Goal of the exercise: Please restate word for word the lines from the top of the entries through the line that contains "巴黎的地铁广告，它很明确的告诉我们，凡是有以下行为的…都是畜生！", and do not include any pictures.

Records for this exercise: Begin

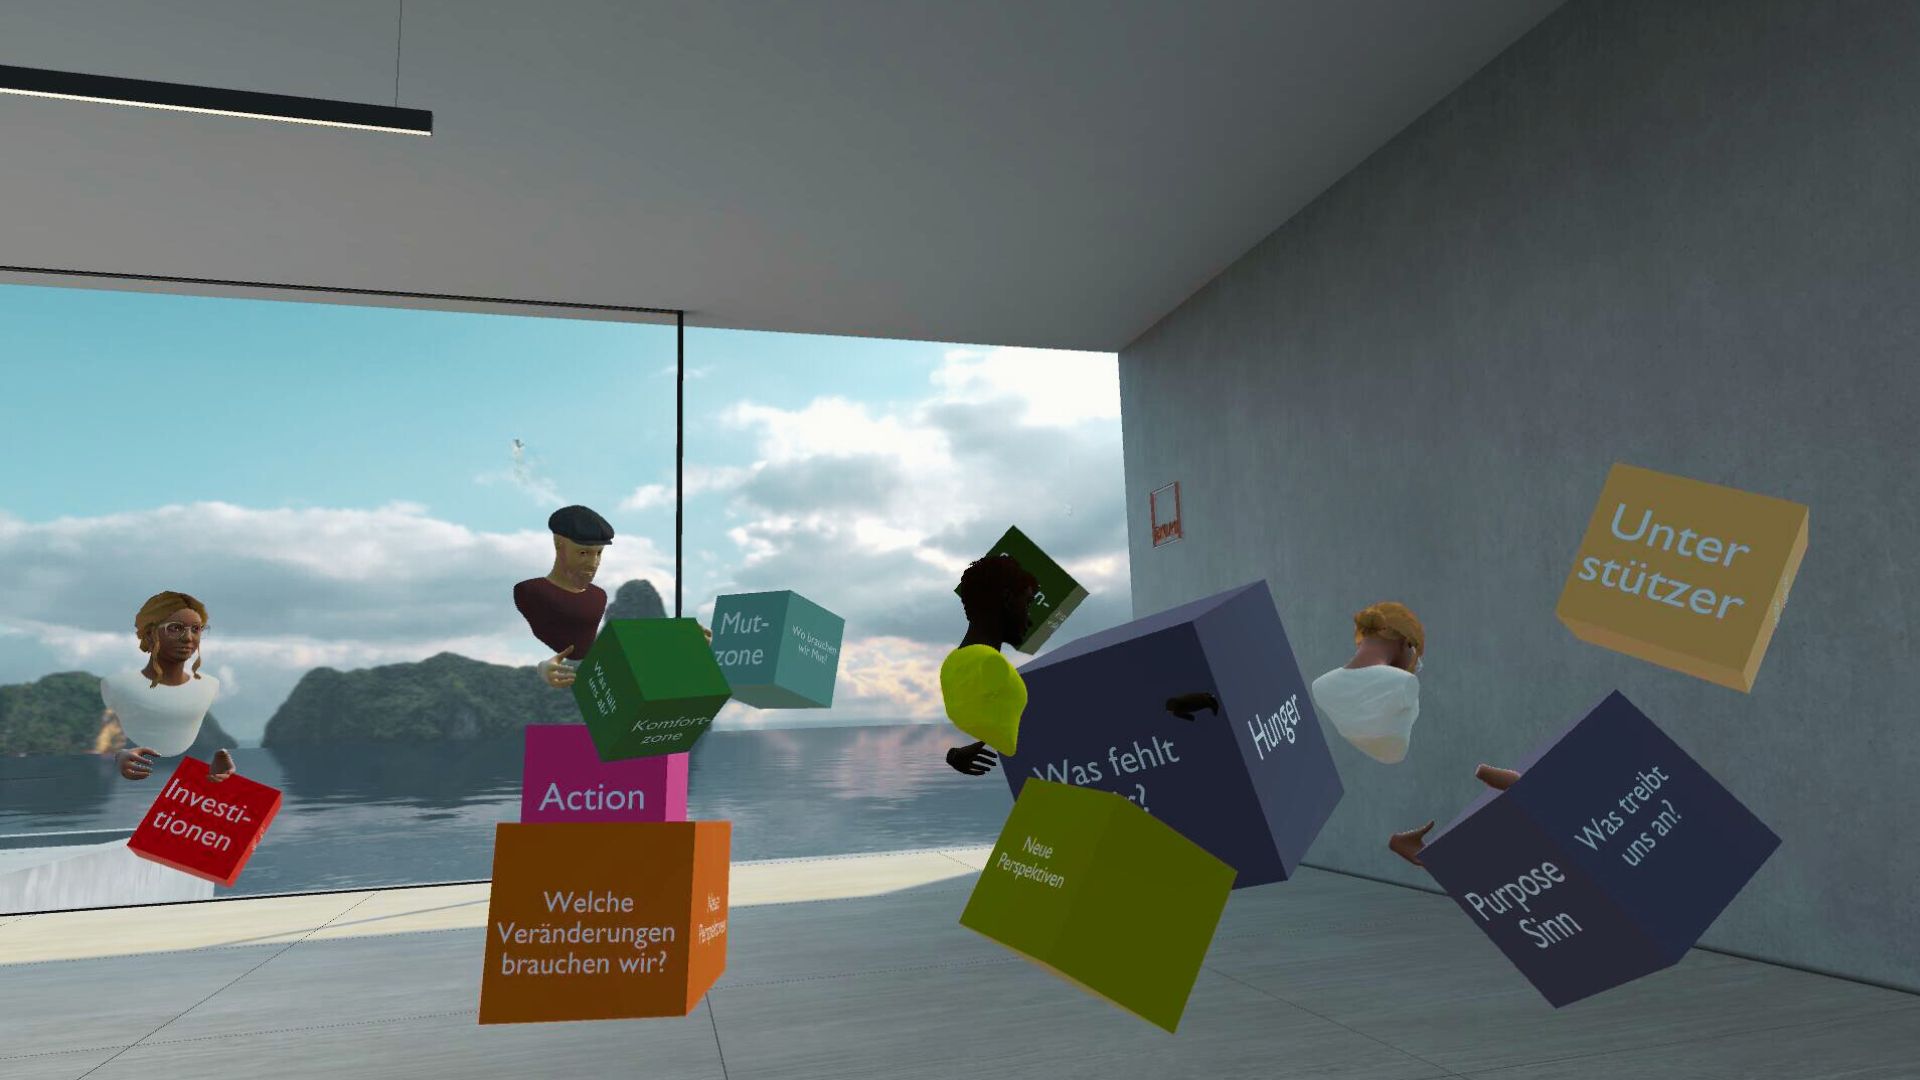 Virtual Reality Raum in dem verschiedene bunte Würfel bewegt werden und in ihrer Größe verändert werden. Ein Team erarbeitet hier ihre Vision für das Team mit der Methode Big Picture. Die Virtual Reality Kollaboration im Team wirkt lebendig und interaktiv.
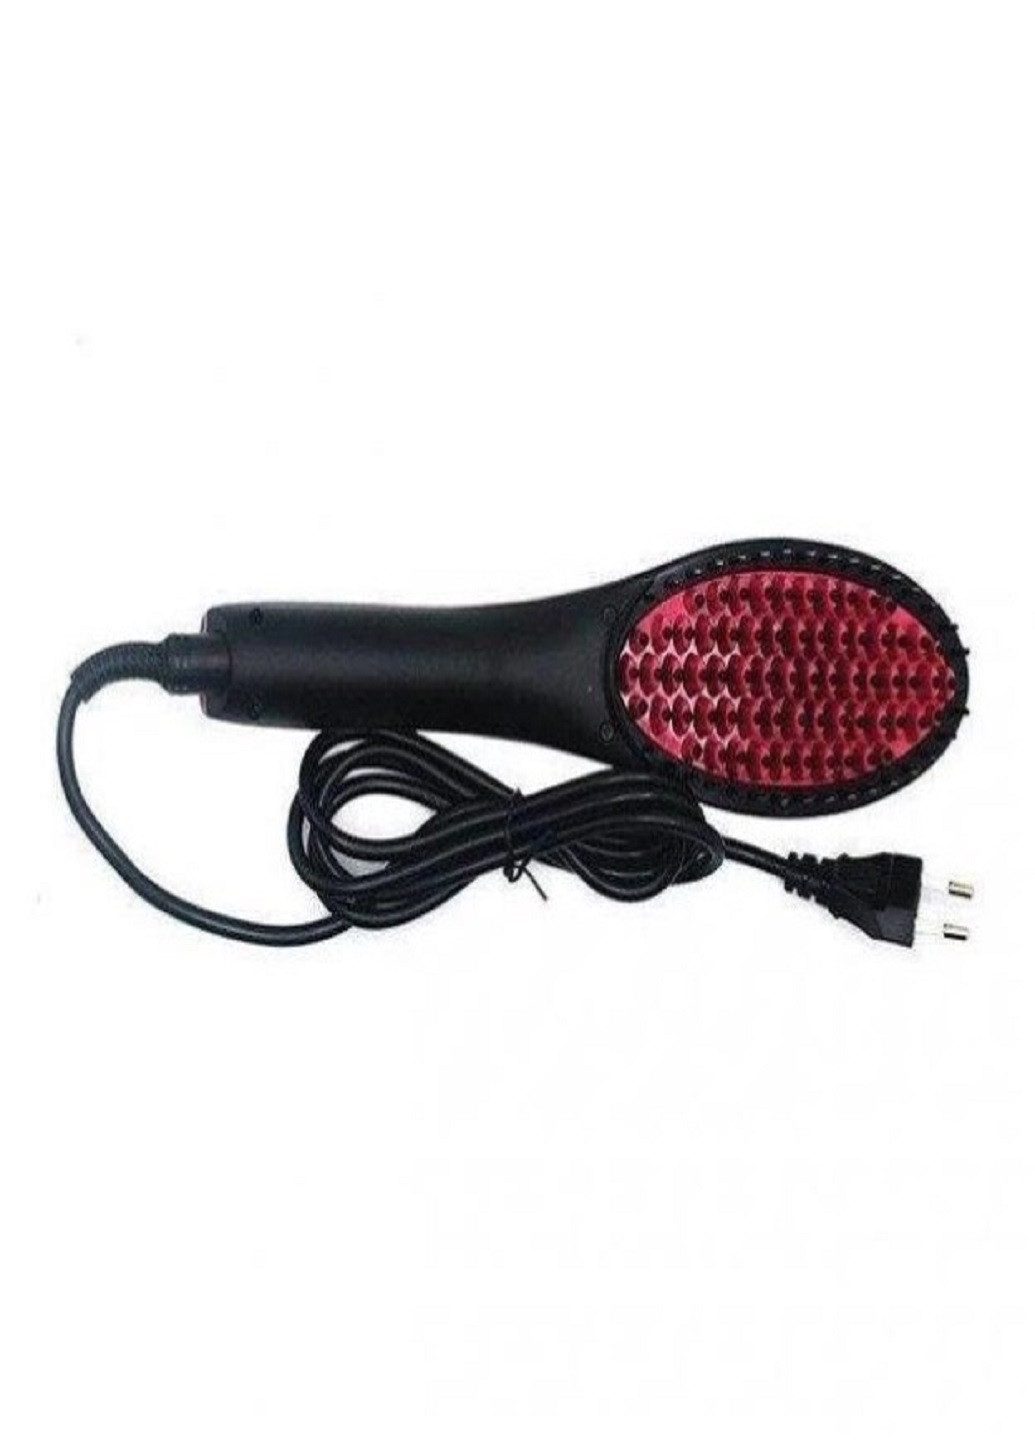 Расческа-выпрямитель для волос Straight artifact HQT-906B электрическая с LED дисплеем VTech (259575613)
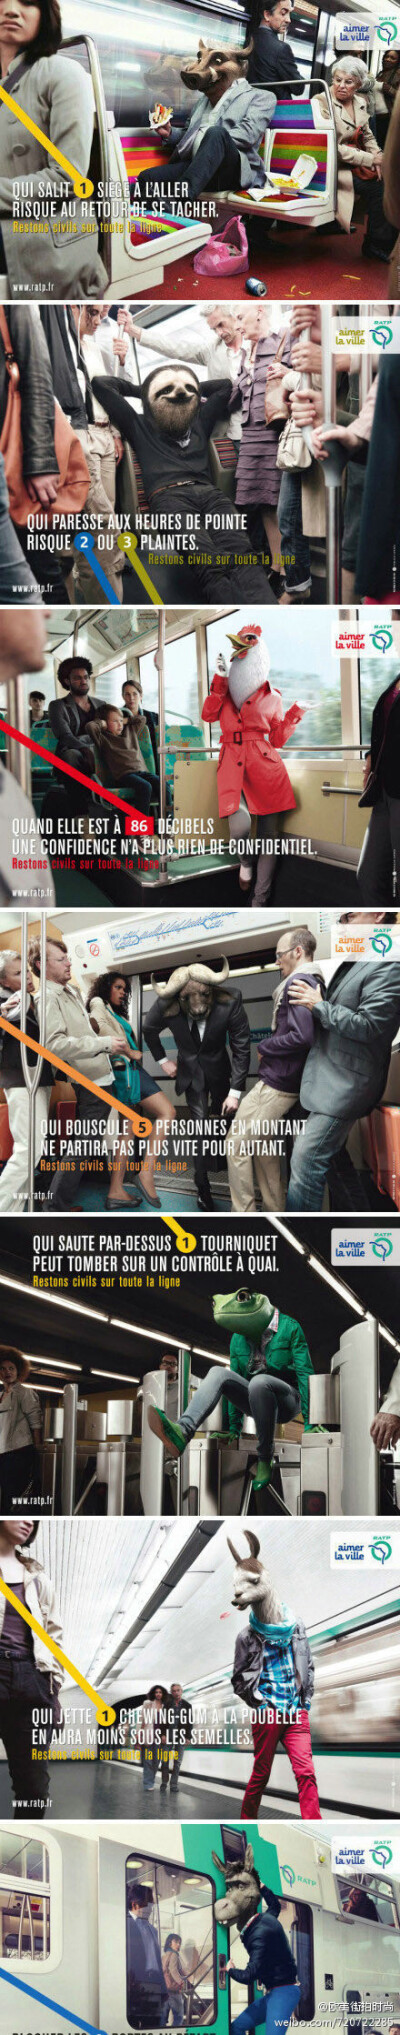 巴黎的地铁广告，它很明确的告诉我们，凡是有以下行为的…都是畜生！
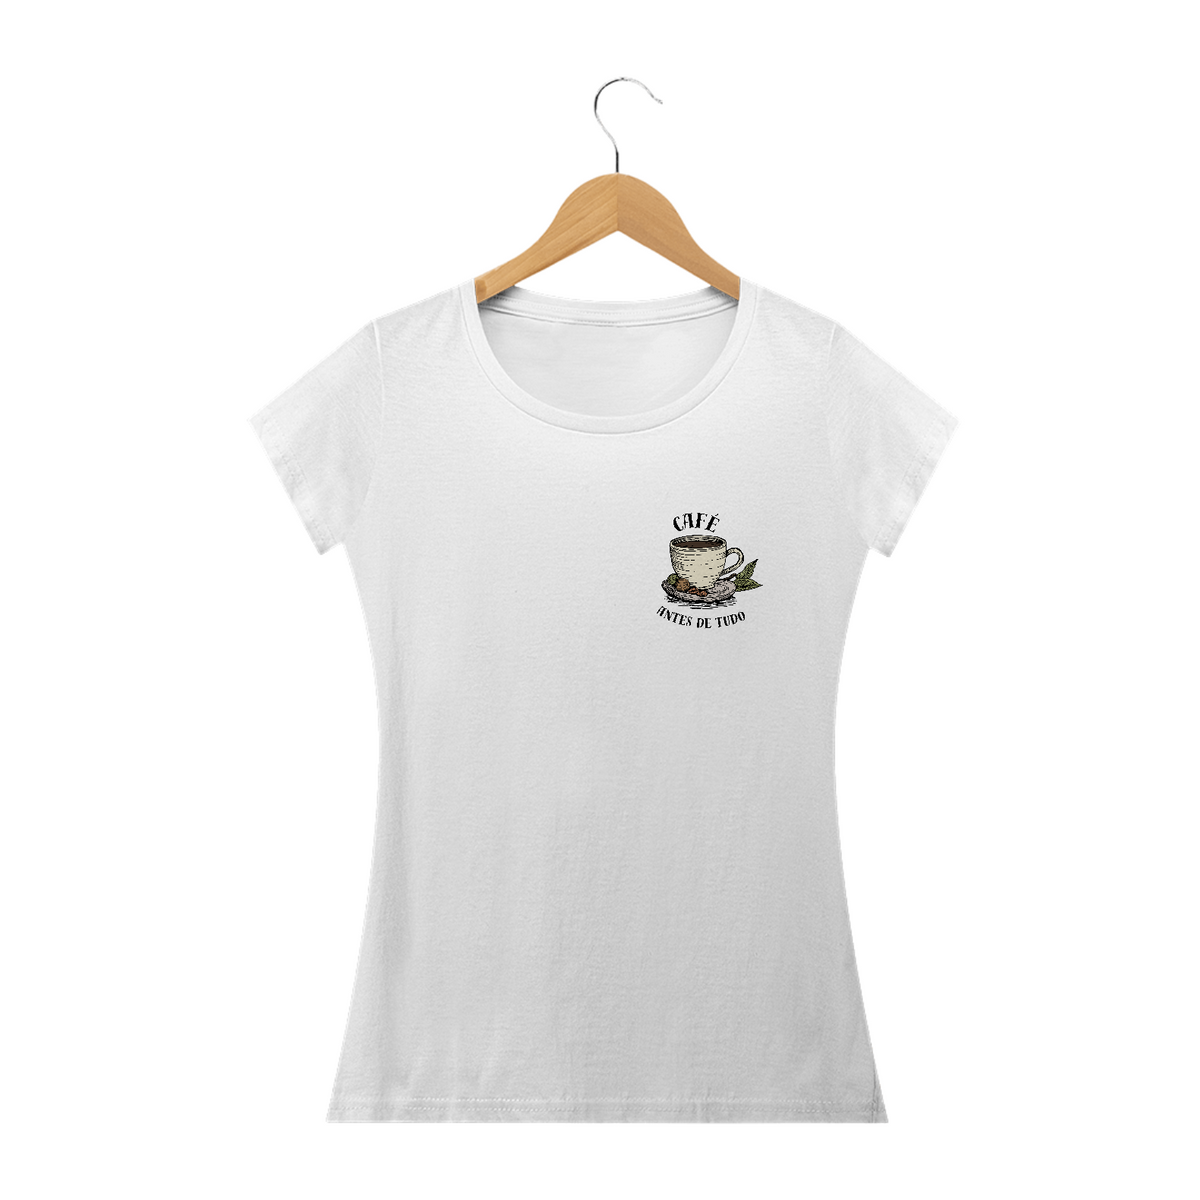 Nome do produto: Camiseta feminina café antes de tudo
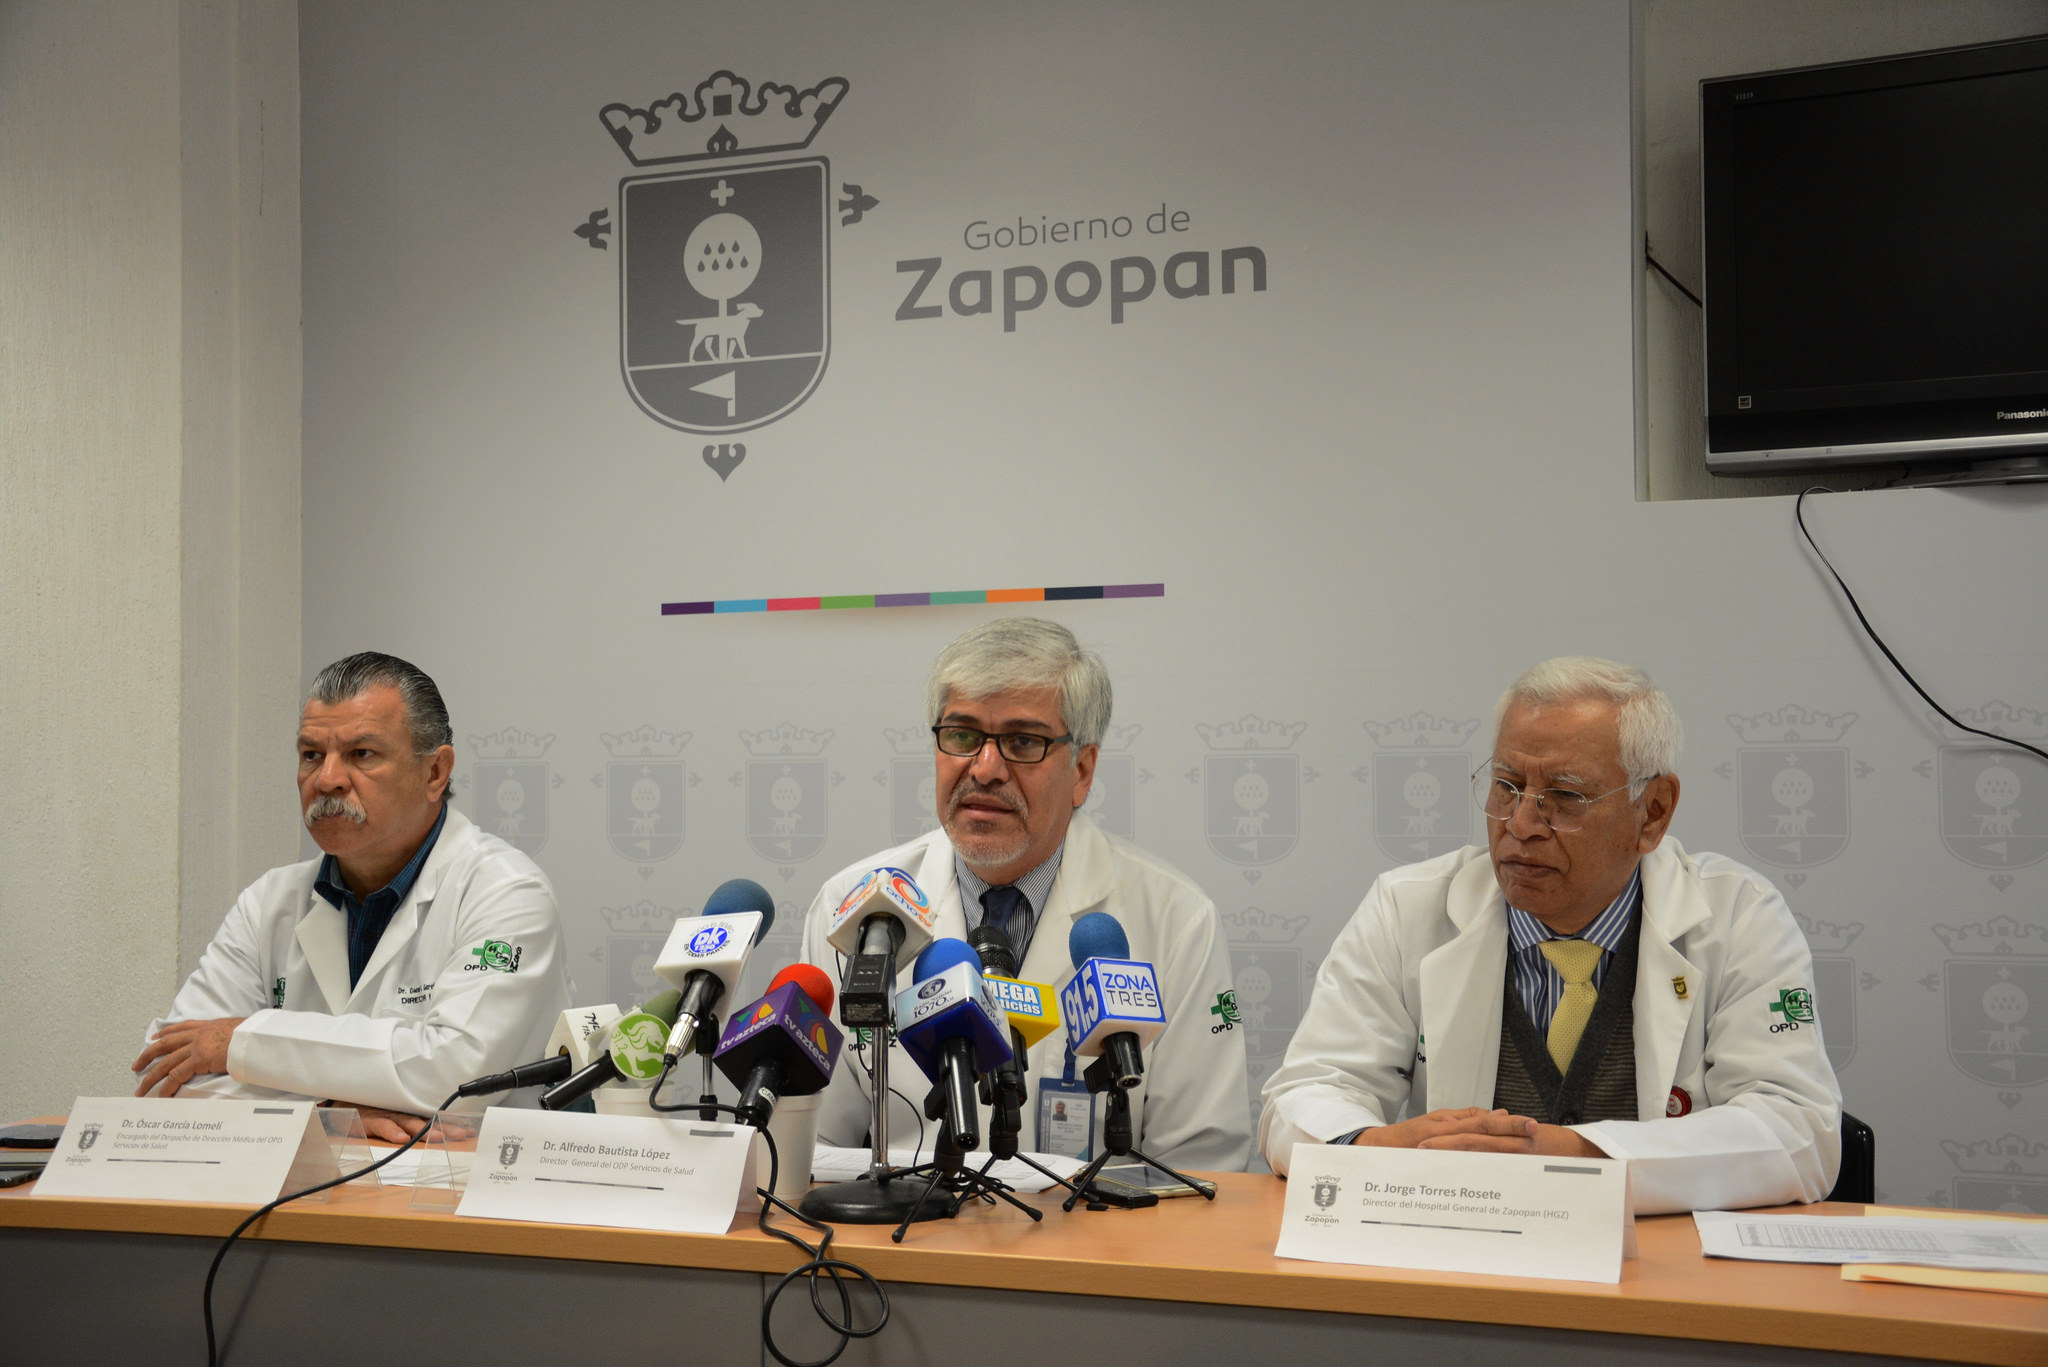 El Hospital General de Zapopan presenta avances en capacitación y equipamiento, en el marco del 70°aniversario del OPD Servicios de Salud

Records for this exercise: End

Task response:
 Virtual Reality Raum in dem verschiedene bunte Würfel bewegt werden und in ihrer Größe verändert werden. Ein Team erarbeitet hier ihre Vision für das Team mit der Methode Big Picture. Die Virtual Reality Kollaboration im Team wirkt lebendig und interaktiv.
 Расческа-выпрямитель для волос Straight artifact HQT-906B электрическая с LED дисплеем VTech (259575613)
 巴黎的地铁广告，它很明确的告诉我们，凡是有以下行为的…都是畜生！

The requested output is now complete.